2nd of April 2024 — Martin Janousek
The recent rise of AI brought variety of interesting tools. Let's explore one of the techniques we use to enhance CGI people in our renders.
I guess every visualization artist know this hurdle - how to properly place (sometimes lot of) people in your image. The traditional way is putting them into images in postproduction and then retouching levels, drawing shadows, highlights, etc. because you found the person suitable for your angle but with totally different lighting than in your scene.
An alternative way is using 3d people - but be honest: these were often very plastic-looking models lacking details and ugly, especially in the foreground of the image. Also, it requires to have a large library of humans fitting in various scenarios so you don't recycle just five of them. Companies doing scans got better over time but it was still not the best. But new generative AI tools put 3d people back in the game. In this article, I will show you how I do it.
It is an AI-powered tool that takes a text prompt, processes it, and creates an image that best matches the description given in the text prompt (text-to-image generator). There is also an image-to-image generation which works the same but instead of text/prompt it uses an image to generate another image. All these generators are trained on large dataset of images and work using diffusion, basically generation noise.
There are closed source (Midjourney, DALL·E, integrated Photoshop AI fill etc.) and open source tools (Stable Diffusion). I will be talking about Stable Diffusion.
I don't want to get into much details as there is plenty of information how to install these tools. You need these:
- Stable Diffusion (with web interface)
- Auto-Photoshop-StableDiffusion-Plugin
- SD models - I personally use this in this example
- LORAs - in this example I use this and this
If you've successfully installed all requirements, open your rendered file in Photoshop. Then open Auto-Photoshop-SD extension (you can do it also in webui interface but I prefer to work directly in my image editor).
Make rectangular selection of your CGI person.
Choose model (i use Cyberrealistic 3.3).
Switch to Img2img tab.
In the prompt field describe object you want to generate, including LORAs.
So in this case the prompt is:
woman <lora:add_detail:1> <lora:more_details:1>
From Samplers below, choose one you prefer (I use DPM++ 2S a, sometimes Euler a).

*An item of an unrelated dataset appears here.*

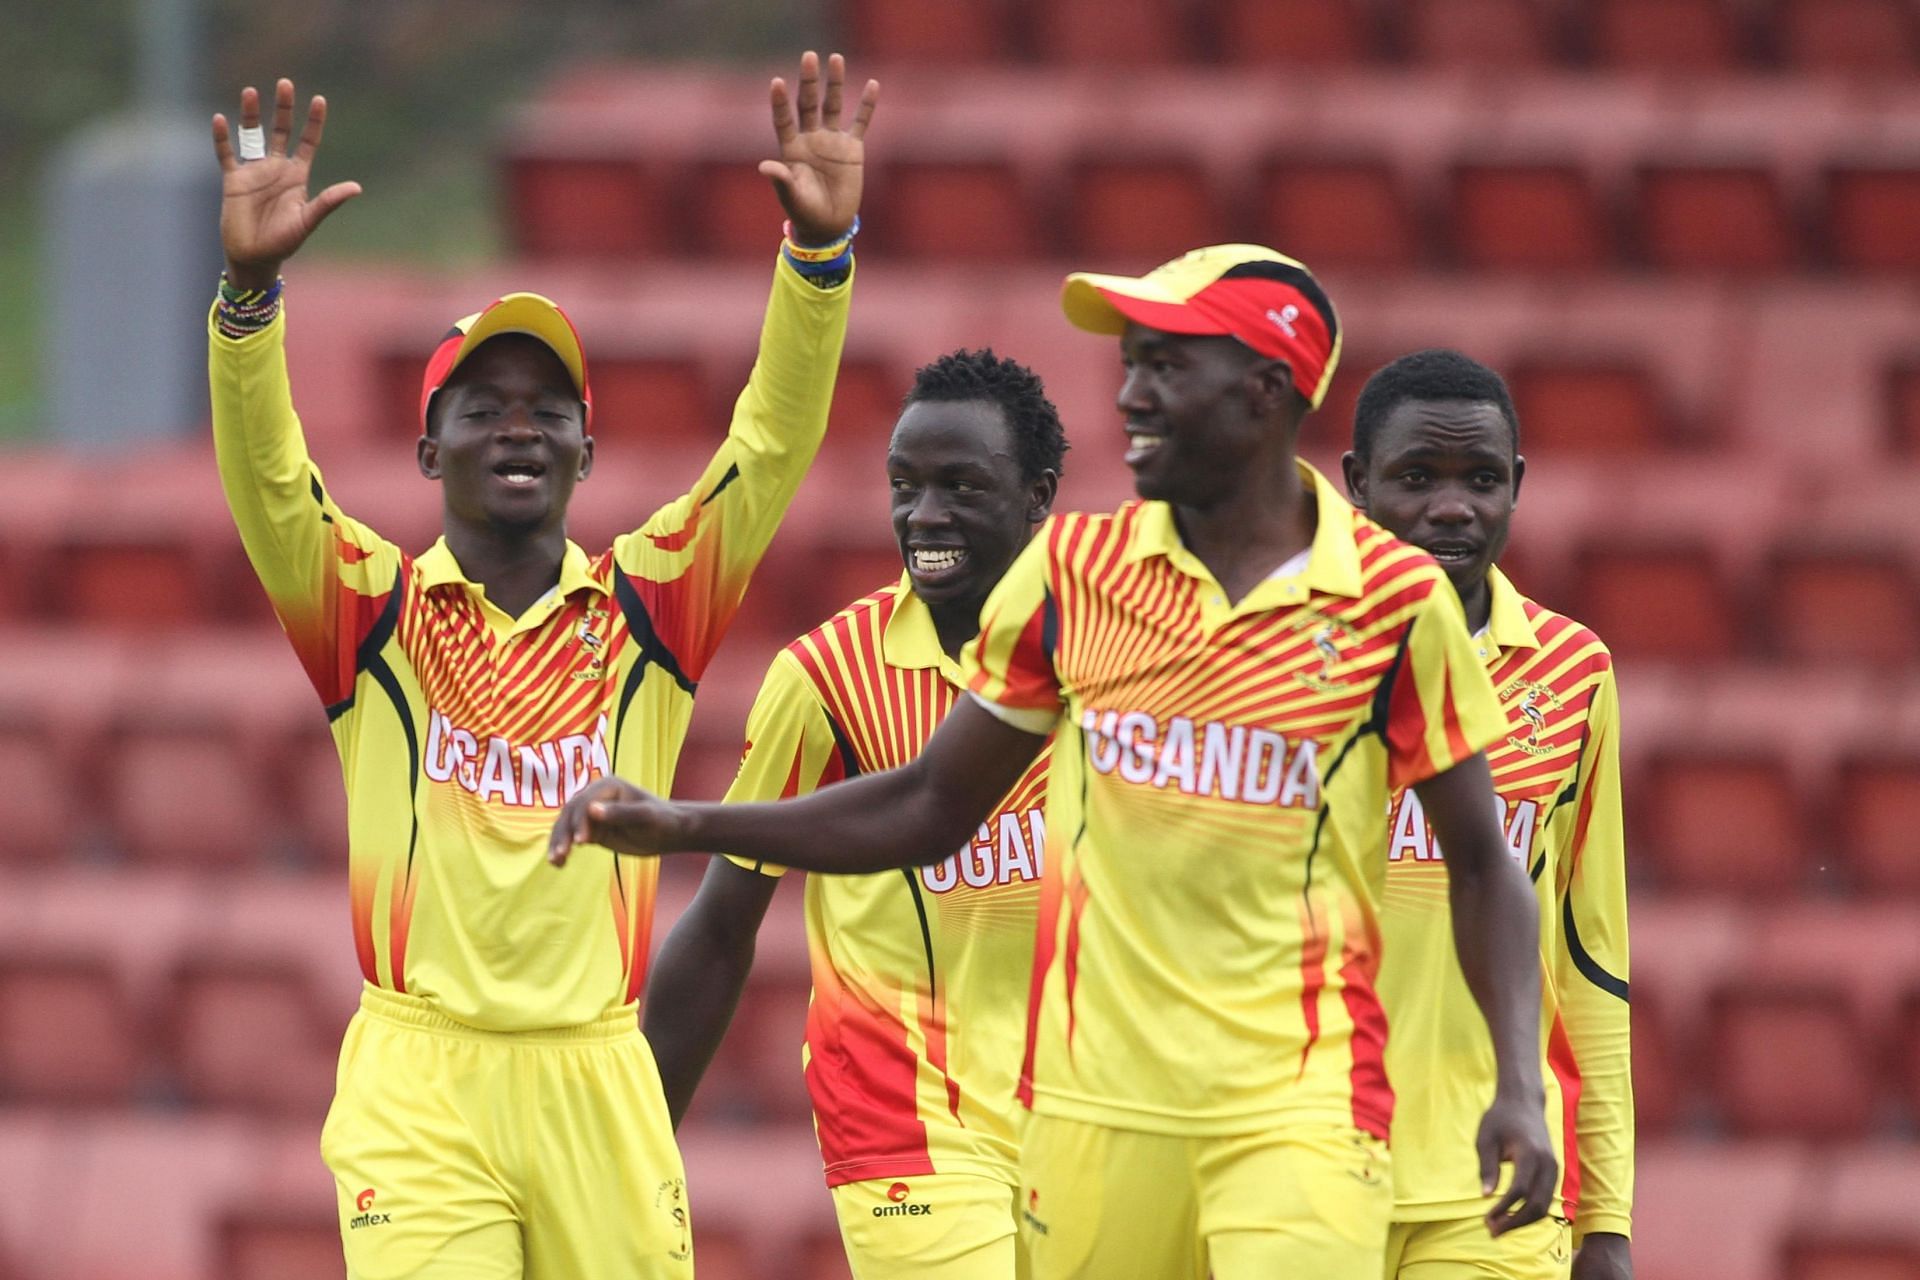 Uganda Cricket Team Players - Image Courtesy: ICC Cricket
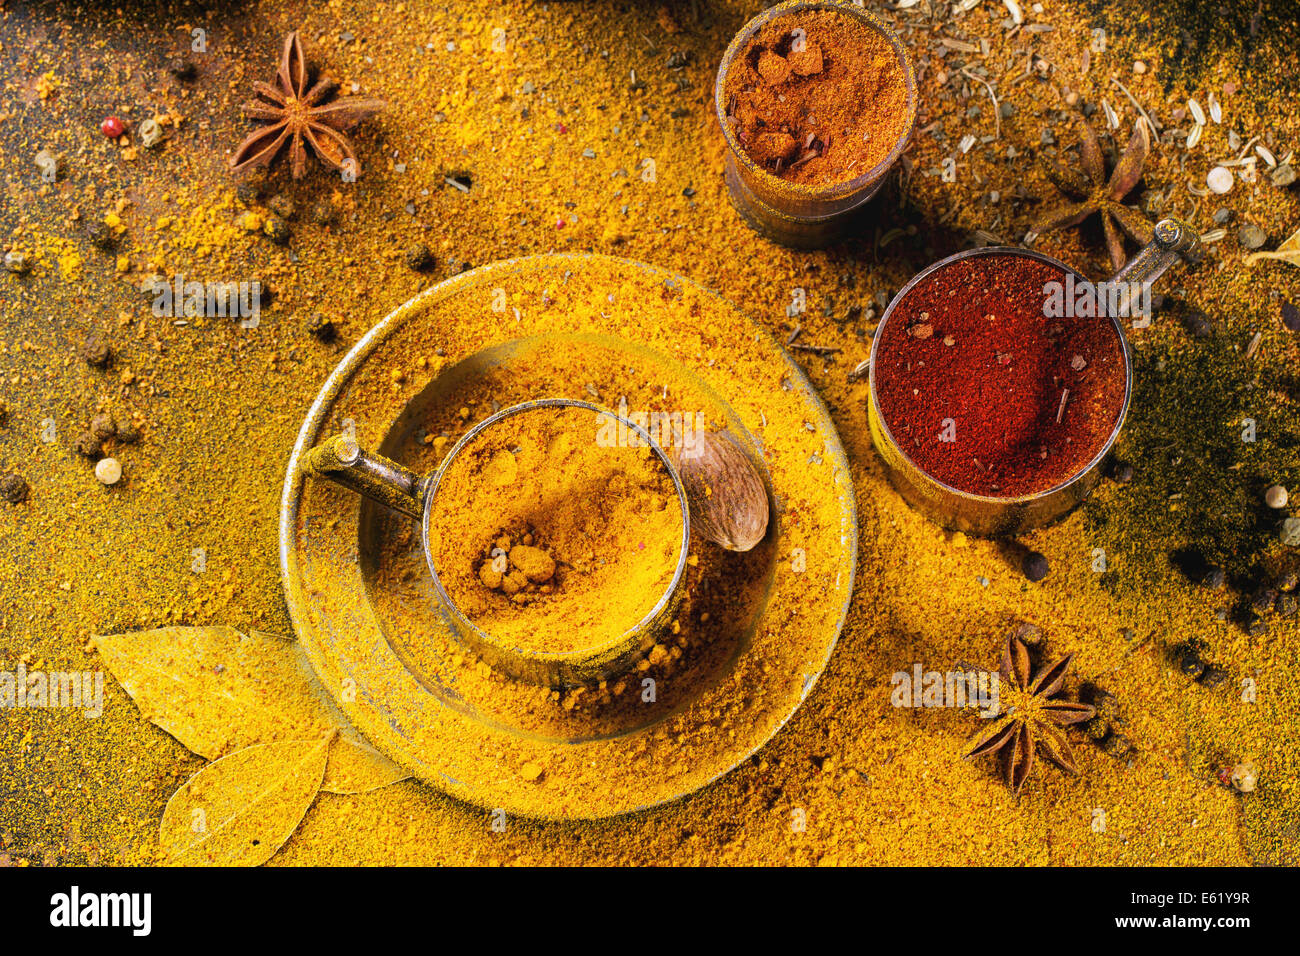 Satz von Gewürzen Pfeffer, Kurkuma, Anis, Koriander in Vintage Metallschalen über gelbe Curry-Pulver. Ansicht von oben. Stockfoto

Adjust Denoising strength accordingly.
Denoising strength 0 won't change anything, strength 1 will change it totally. You want to keep your base person more or less the same, just add details. My values are typically somewhere between 0.2-0.35 to get the result I'm satisfied with. Other settings can stay the same.
Click Generate Img2img.
During my experimenting I've found some things that worked for me:
When you have large portion of image or bigger group of people it's better to generate them in smaller parts and then mask them together.
People that are too far away in the image (and thus too far) usually don't have good results which is caused by the datasets of images that these AI models are trained. So I usually keep these the way they are.
When you generate older people it tends to make them much older than you want them to be. Also kids/teenagers are much younger. In such cases I use prompts like "50 year old man" etc.